<<<<

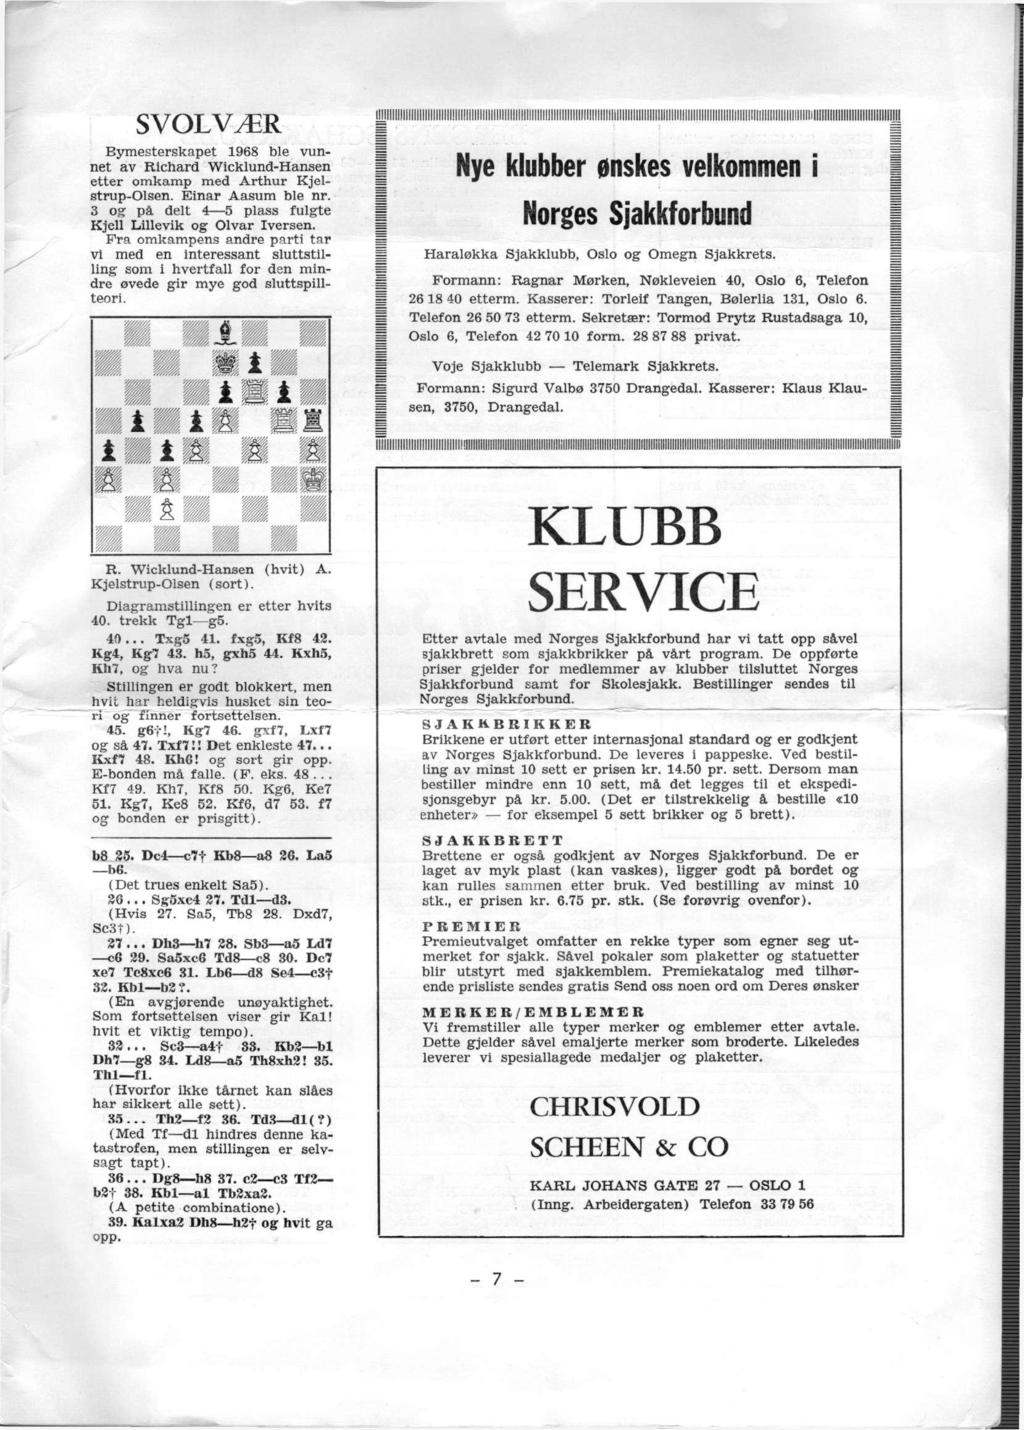 SVOLVÆR Bymesterskapet 1968 ble vunnet av Richard Wicklund-Hansen etter omkamp med Arthur Kjelstrup-Olsen. Einar Aasum ble nr. 3 og på delt 4 5 plass fulgte Kjell Lillevik og Olvar Iversen.
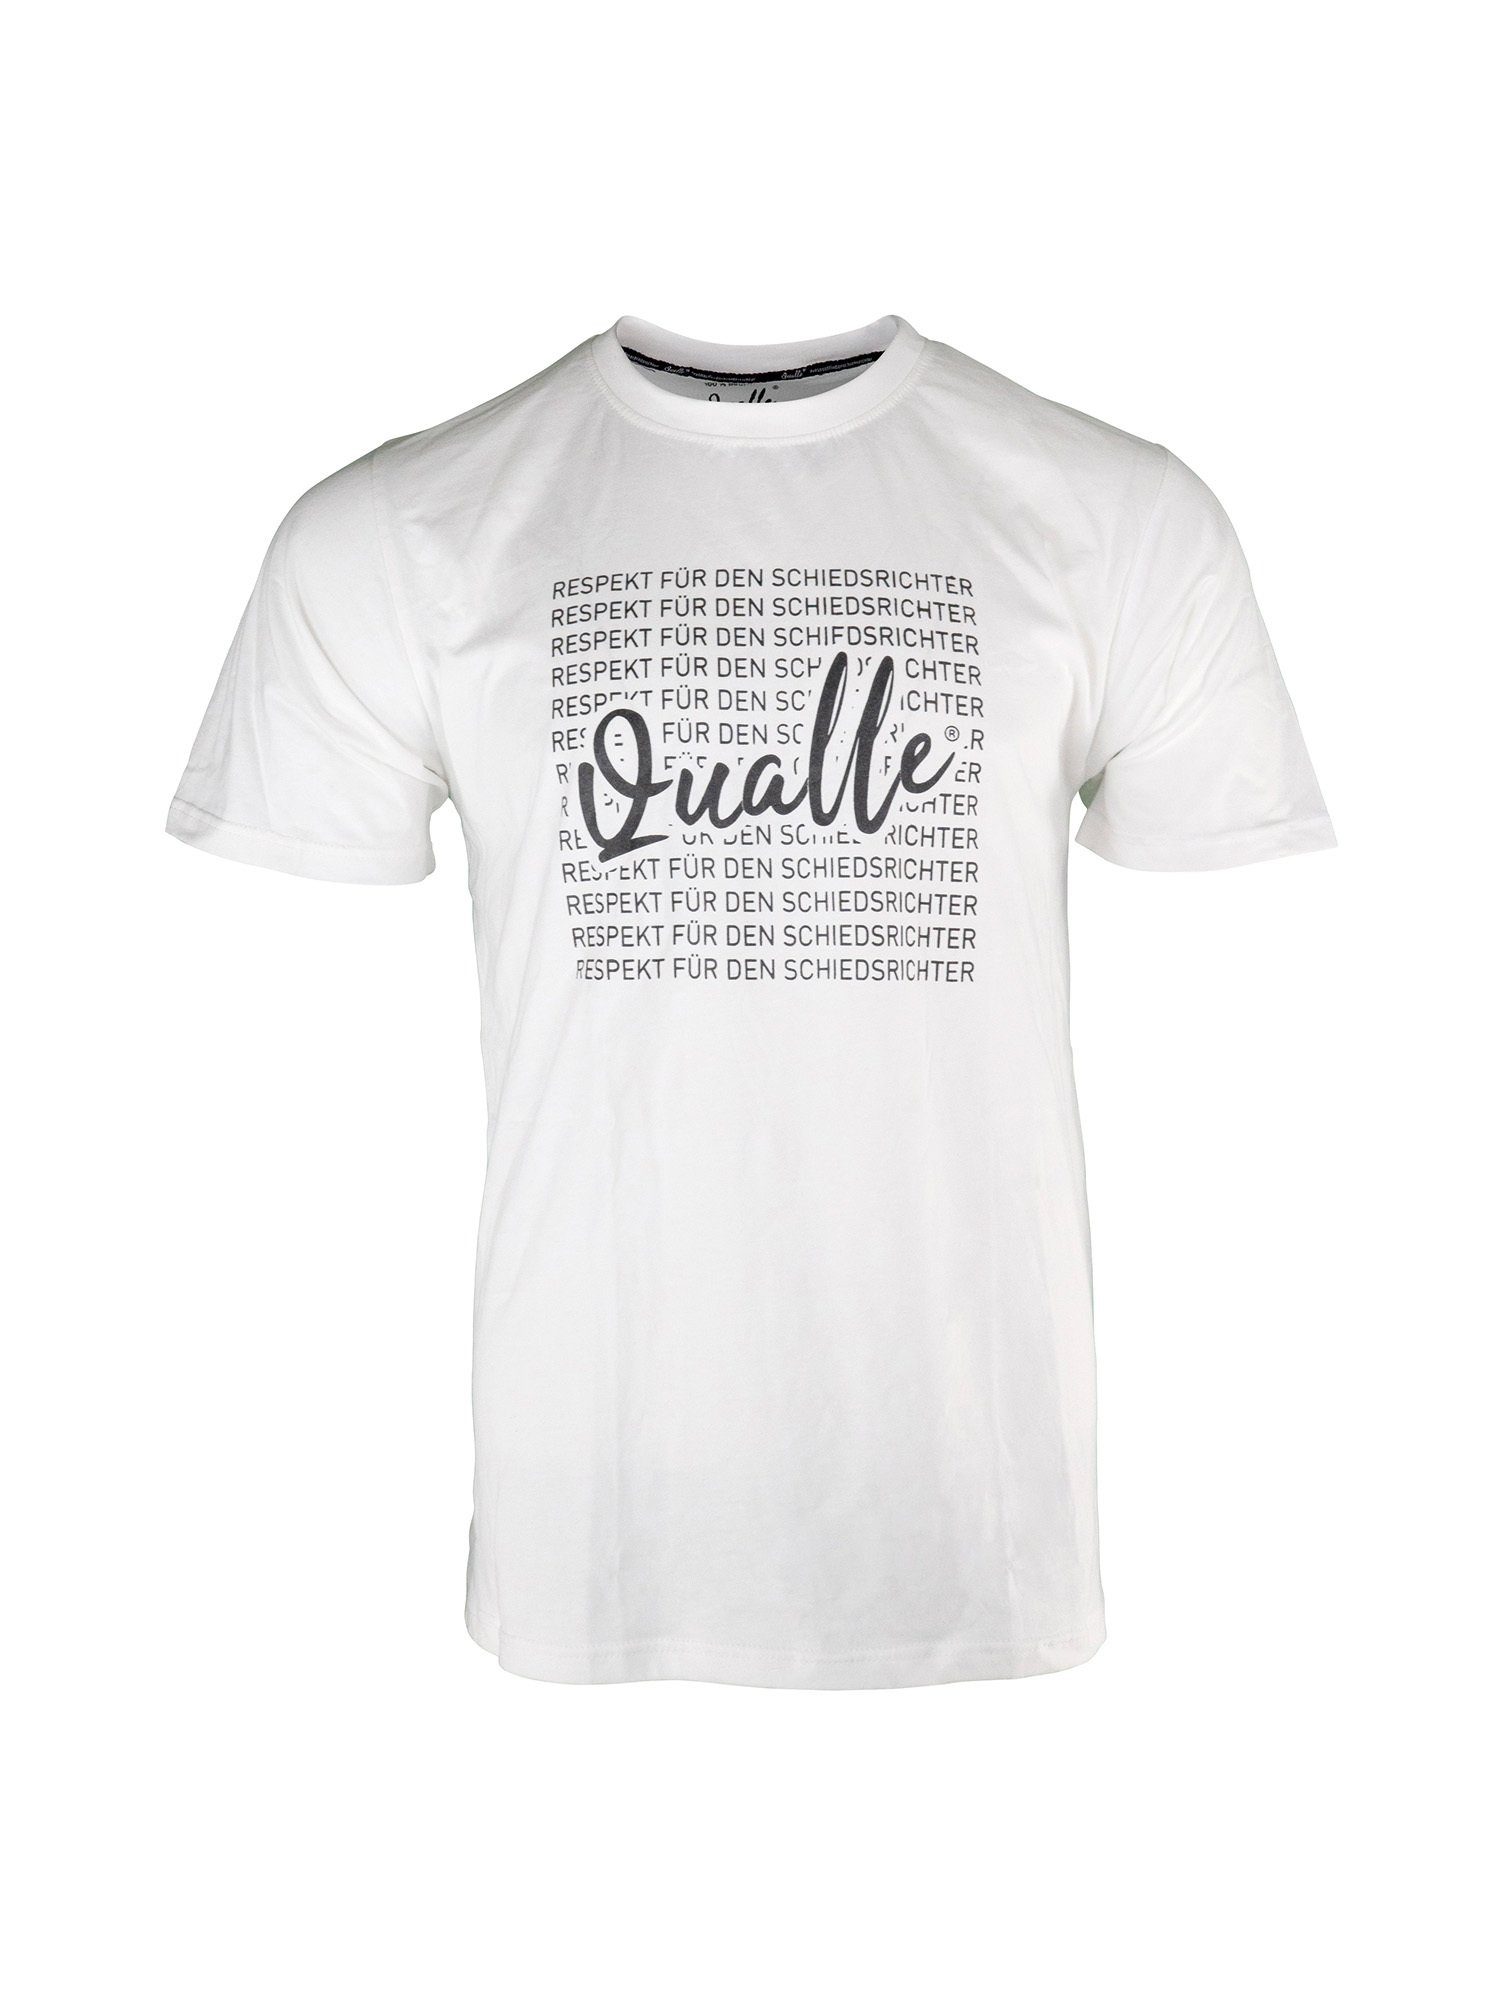 Qualle T-Shirt 100% Respekt Unisex, aus Baumwolle
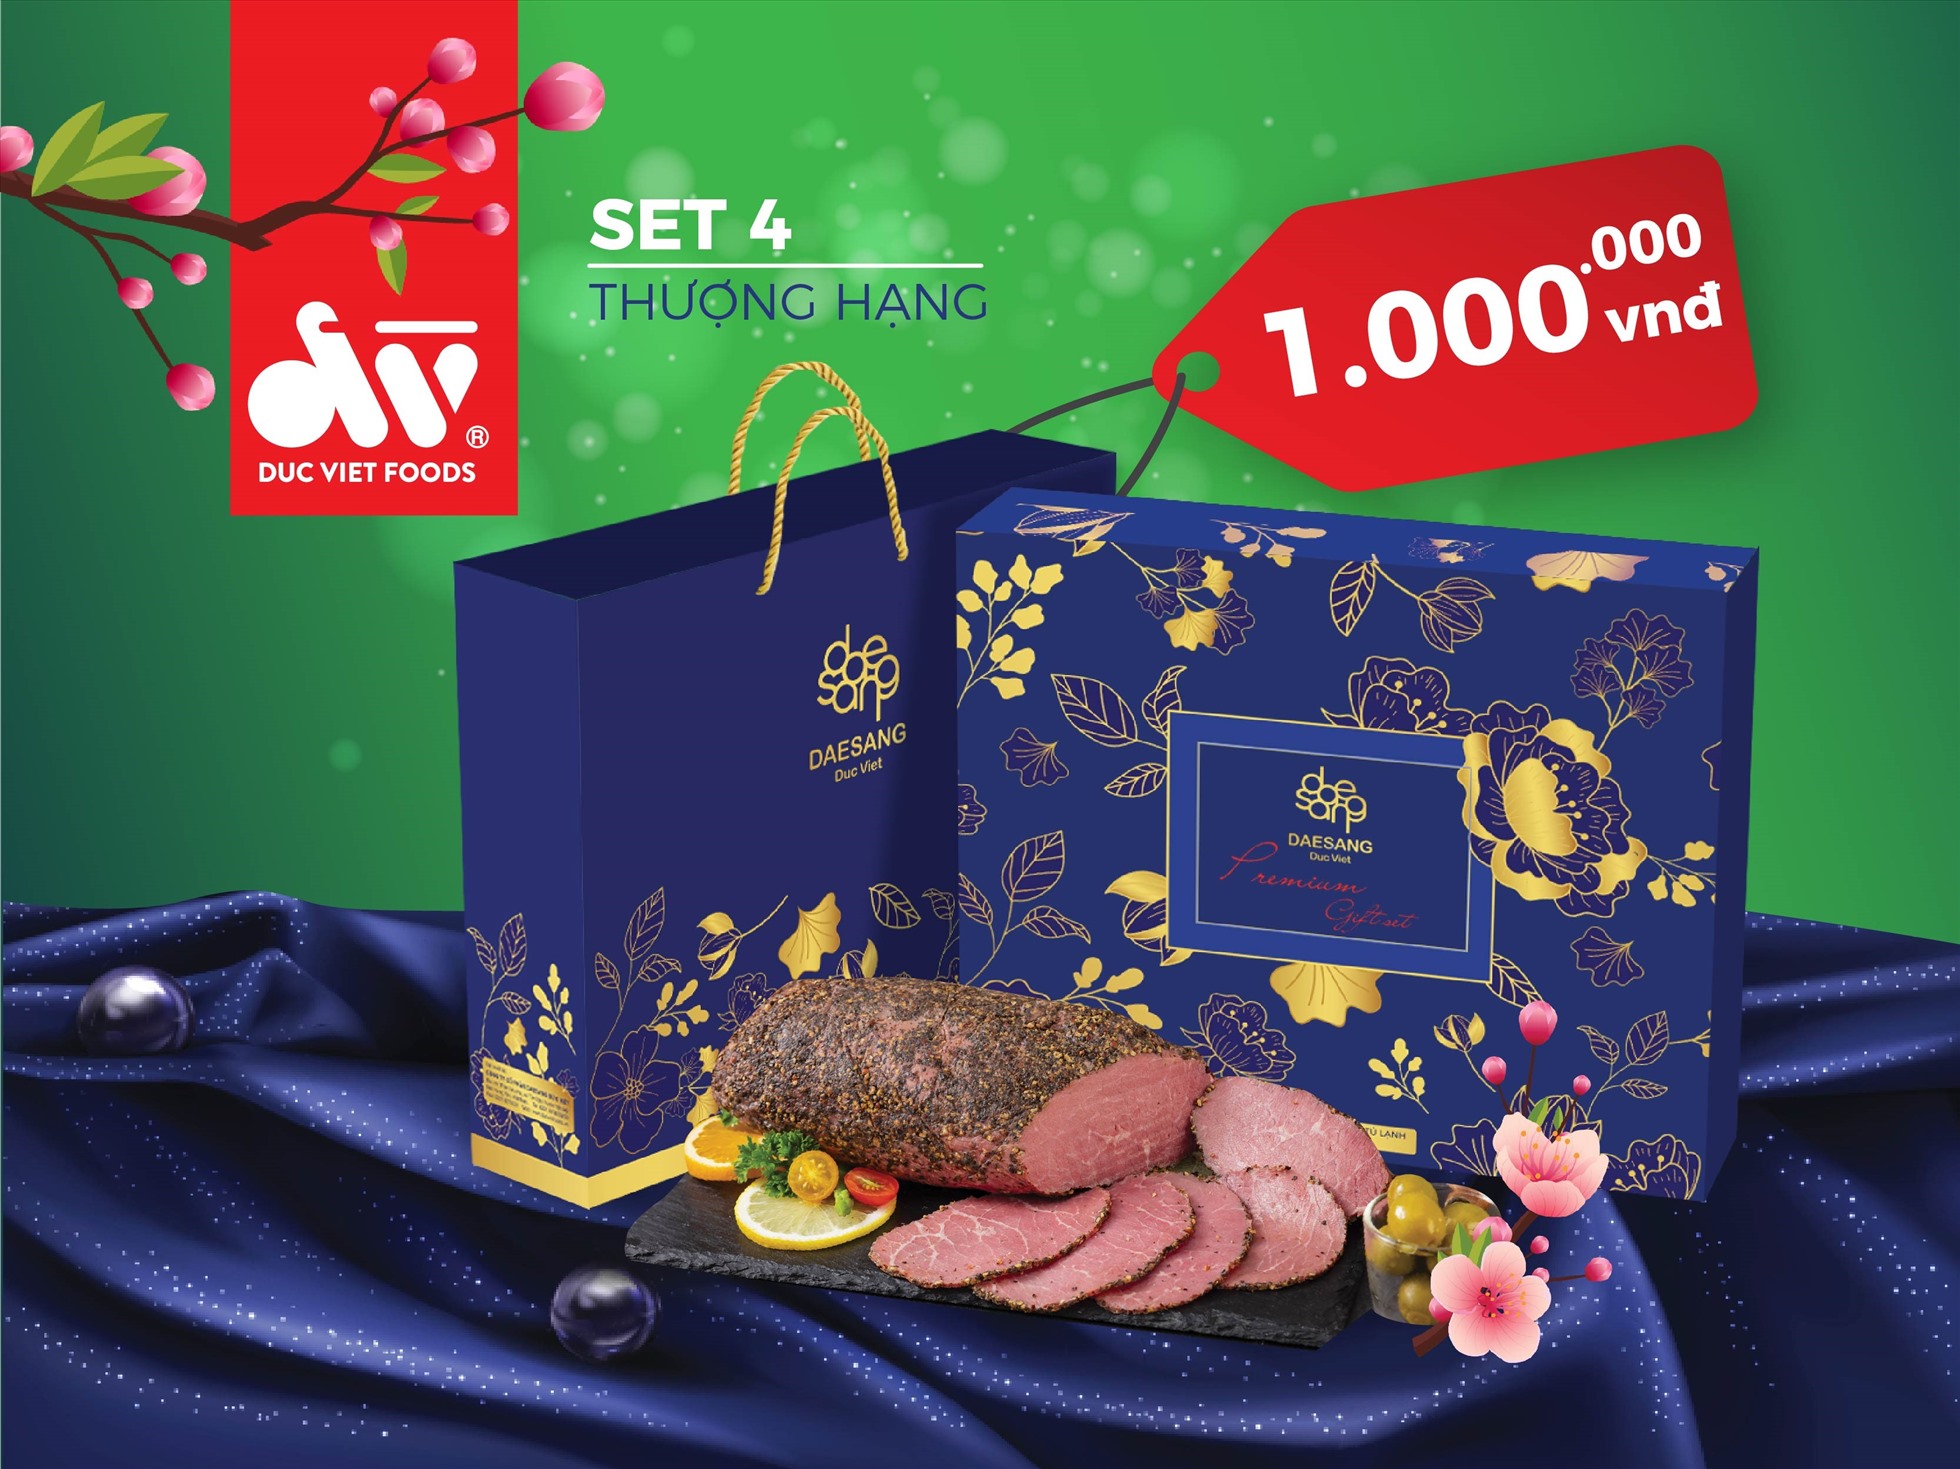 Set thượng hạng là set quà Tết cao cấp nhất trong năm nay của Công ty CP Daesang Đức Việt.
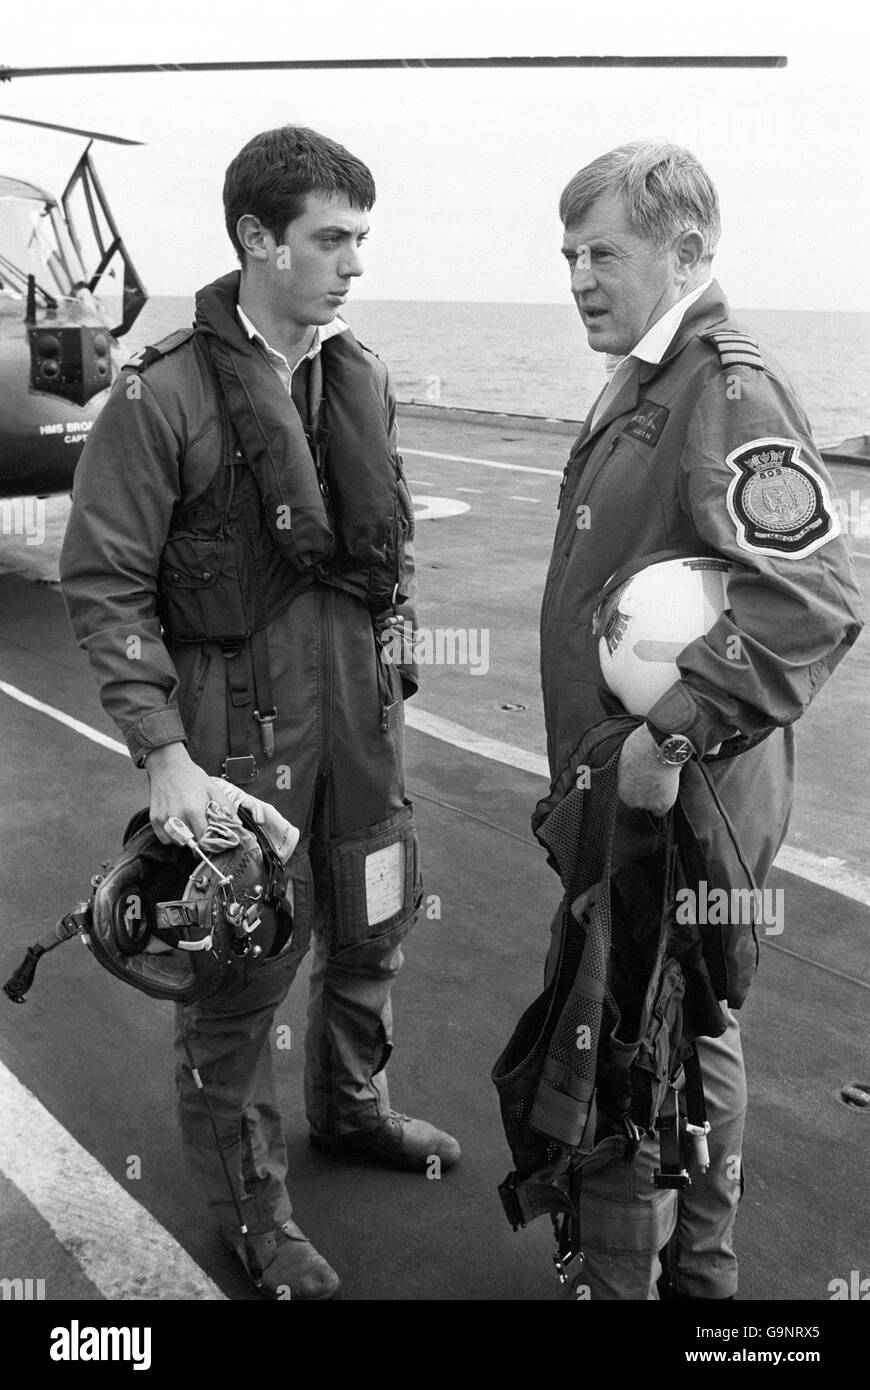 Le Capt Lyn Middleton (à droite), responsable du HMS Hermes, rencontre son fils, le sous-Lt Ray Middleton, 21 ans, à bord du navire le lundi de Pâques. Le capitaine Middleton a traversé la plate-forme de vol du porte-avions pour saluer Ray qui venait de faire voler son hélicoptère Lynx depuis un navire de guerre voisin pour faire un dépôt d'approvisionnement. Plus tard, Ray a fait voler son père au navire Ray sert, où le Capt Middleton a discuté de la voie à suivre. Banque D'Images

>>>>

Problem to work on: When you transcribe the lines above, keep every word exact but leave the pictures behind.

Solution:
 SVOLVÆR Bymesterskapet 1968 ble vunnet av Richard Wicklund-Hansen etter omkamp med Arthur Kjelstrup-Olsen. Einar Aasum ble nr. 3 og på delt 4 5 plass fulgte Kjell Lillevik og Olvar Iversen.
 Qualle T-Shirt 100% Respekt Unisex, aus Baumwolle
 Set thượng hạng là set quà Tết cao cấp nhất trong năm nay của Công ty CP Daesang Đức Việt.
 Le Capt Lyn Middleton (à droite), responsable du HMS Hermes, rencontre son fils, le sous-Lt Ray Middleton, 21 ans, à bord du navire le lundi de Pâques. Le capitaine Middleton a traversé la plate-forme de vol du porte-avions pour saluer Ray qui venait de faire voler son hélicoptère Lynx depuis un navire de guerre voisin pour faire un dépôt d'approvisionnement. Plus tard, Ray a fait voler son père au navire Ray sert, où le Capt Middleton a discuté de la voie à suivre. Banque D'Images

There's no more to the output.